The “apparition” that had so arrested Elieazar emanated a brilliance that permeated this theater on the hillside. It was human in appearance, and yet inhuman. A man. A creature. A source of unimaginable light. After a moment of silence, it spoke . . .
“Do not be frightened.” Despite his appearance, despite the supernatural tension of the moment, his words were soothing. If it is possible to go from intense fear to calm expectancy in an instant of time, it happened in the terror-stricken hearts of these peasant shepherds.
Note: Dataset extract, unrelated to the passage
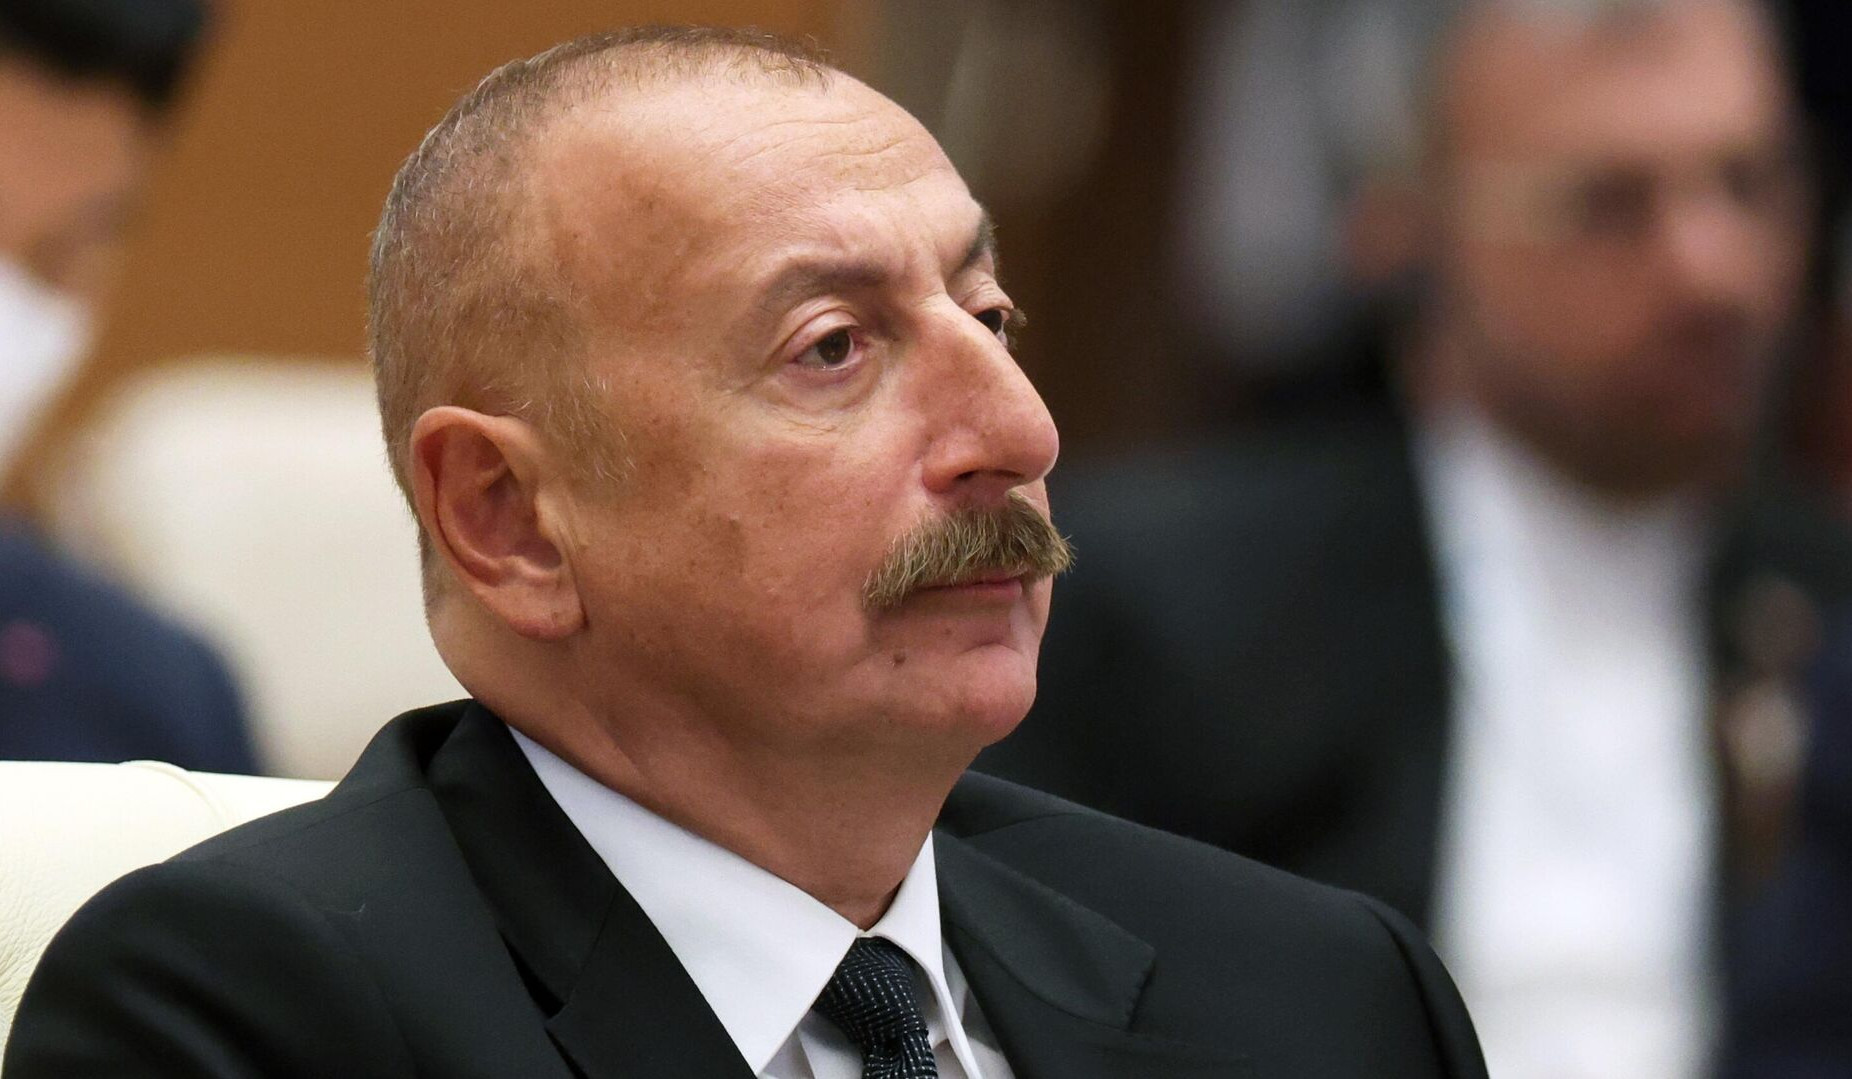 We have shown how peace can be achieved through military force: Aliyev
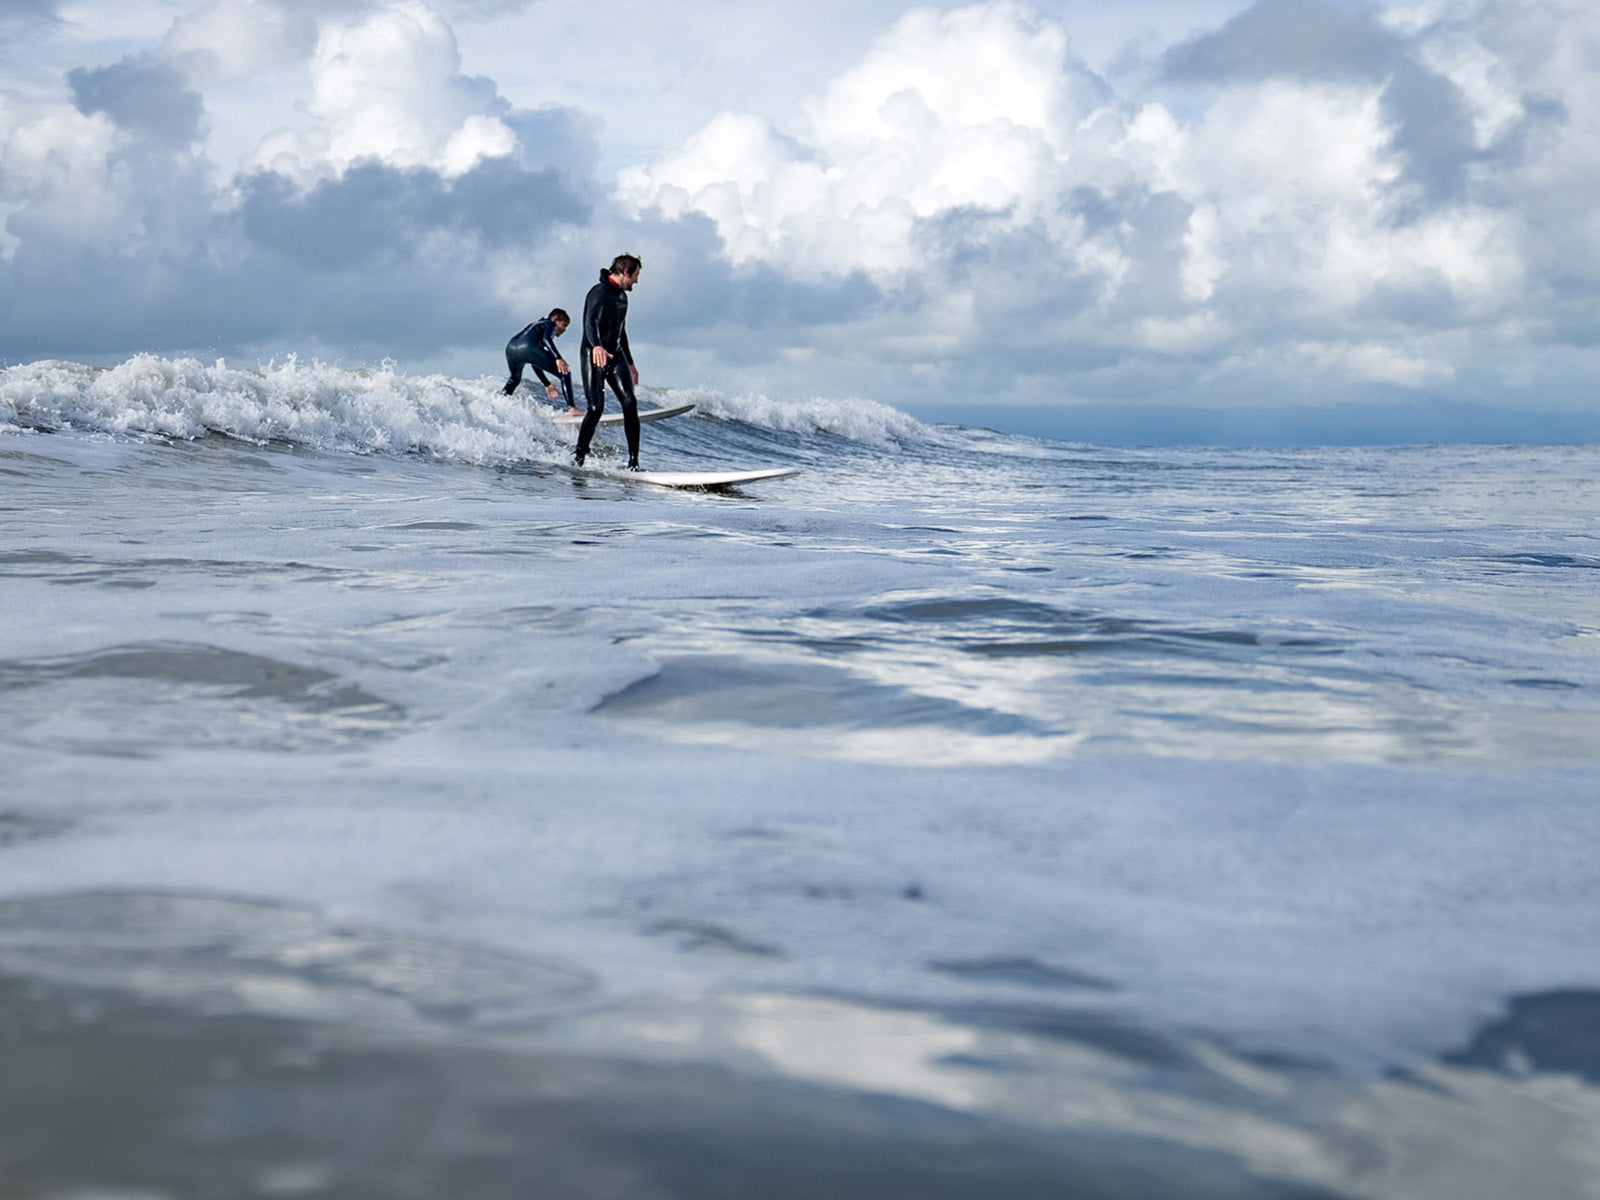 Yakutat Surf Club member Jackson Wolfe stands up on his first glassy wave with surf mentor Kanaan Bausler. Yakutat, Alaska. Photo: Chelsea Jolly

“I bring you good news of immense joy.”
Joy is the result and the essence of a love fulfilled. It is one of the many reasons for the gift of life. We may count it useful or productive to live one’s life in the service of another, or of God. This is another reason for the gift of life. But it is the simple things of joy, the smile and laughter of a grandchild, the lifting of a cloud to the heavens, the smell of jasmine, the announcement of a birth — all of these also, are reasons for life and living.
“What is this news? For whom is it intended?” The words struggled to emerge from Lemuel’s mouth. Despite his emotional overload, somewhere in the background of his consciousness lurked the question, “Why is God’s angel bringing news to humble, unknown shepherds?” Why indeed? Why does God invest himself in the statistically insignificant? With the whole of Creation from which to choose, why choose earth? From among all the peoples of the earth, why choose a tiny sect called Jews? Why choose Abraham? Moses? Elijah? Why choose a slight youth to slay a threatening giant? Why choose Bethlehem? Why does God, as he moves events among men, have the perversity to make small men large, and large men small? Why this delight in the small, the insignificant? Is it because he is attracted to humility, and put off by the proud strutting of human arrogance? God holds sway over the heavens. Men of power and influence have no power or influence with him.
This is perhaps exciting news to the disenfranchised, the governed, for those whose lives are dramatically affected by the whims of others. But that is hardly the point. It could be argued that the impoverished have stronger character, are less pretentious or full of themselves. Alas, the character flaws, pretentiousness and pride of the poor is as ubiquitous as among the rich.
It is, nonetheless, a fact that pain is greater among those without the resources to make life more pleasant. Suffering is more prevalent. Babies die quicker and more often. More violence and murder. Hunger. The feeling of being in need, greater. The struggle for survival more intense. The malaise of will and determination more understood. More of their lives spent in prisons. Though many cry out against the terrible Fate that decreed their poverty, God is still more readily received among such people. They seek him for they have discovered that mankind does not love them, does not know what to do with them. They have no place else to go. If God does not help them, they will perish. Of course, the verdict of the affluent and sufficient is that these pathetic creatures need a God. They invent something or Someone larger than themselves, larger than anything they know in order to help them survive in a competitive world. Poor things. That is obviously why their God favors them, is it not?
Lemuel however, could not think beyond Why? For him there was none of this insufferable pedantic reasoning. He was afraid.